Reading reviews on Amazon for bikini area shavers. I can't find mine and it is time for a new one anyway. 

I will not wax after a horrible waxing experience that basically left me with PTSD. 

TIA.


----------



## yeah_right (Oct 23, 2013)

I have a Braun Silk-Epi. It has two heads, one is a shaver and one is an epilator. Works great. I wax and use this for in between times.


----------



## Rugs (Apr 12, 2013)

yeah_right said:


> I have a Braun Silk-Epi. It has two heads, one is a shaver and one is an epilator. Works great. I wax and use this for in between times.

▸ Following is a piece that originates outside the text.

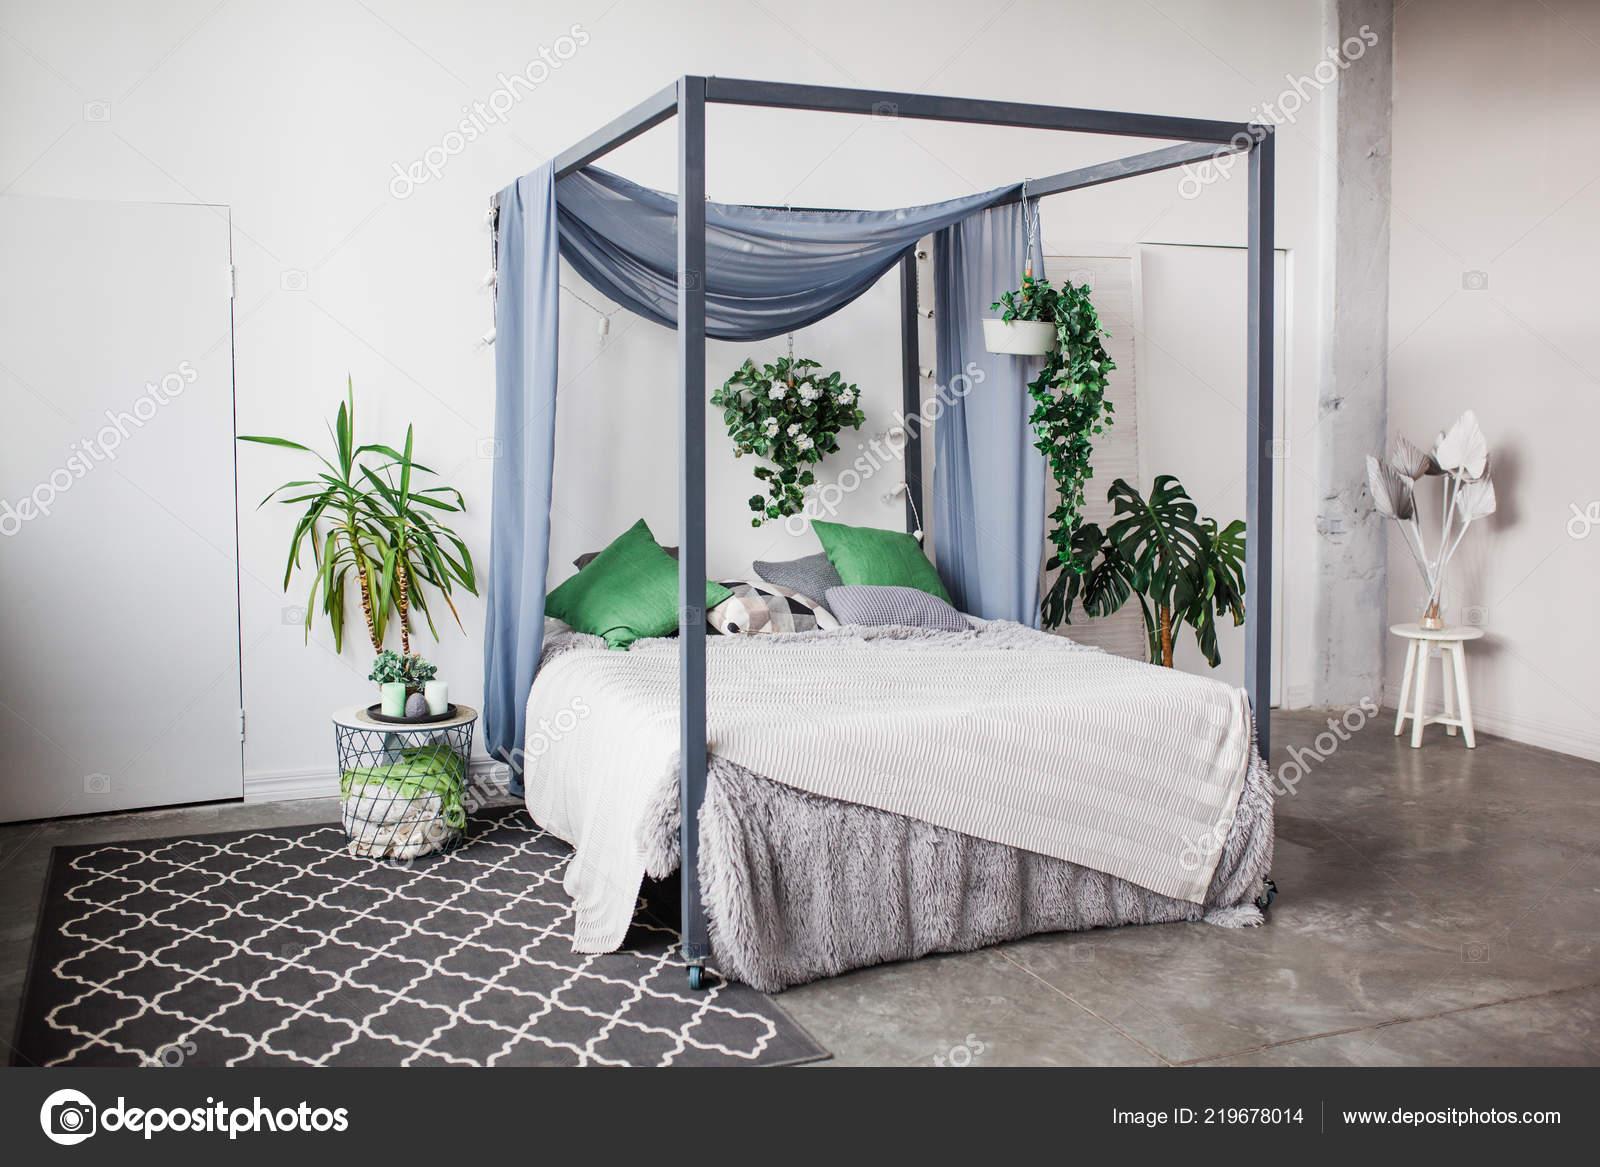 Chambre Coucher Blanche Avec Des Éléments Décoration Simple Dans Plage U2014  Photo

I'm nervous about an epilator. Aren't those painful too?


----------



## yeah_right (Oct 23, 2013)

Epilator has the same pain as wax at first. I use it for bikini area in between waxes and after doing it so long the hair is thinner and it no longer really hurts. No worse than tweezing eyebrows now. I've also used it a few times on my underarms. Looks great, but freaking painful.


----------



## NobodySpecial (Nov 22, 2013)

Razor? I confess that when I read personal shaver I thought, you mean vs the one you share with other people?


----------



## NobodySpecial (Nov 22, 2013)

I hate epilators. They hurt like a *****. Slow torture. At least wax is quick.


----------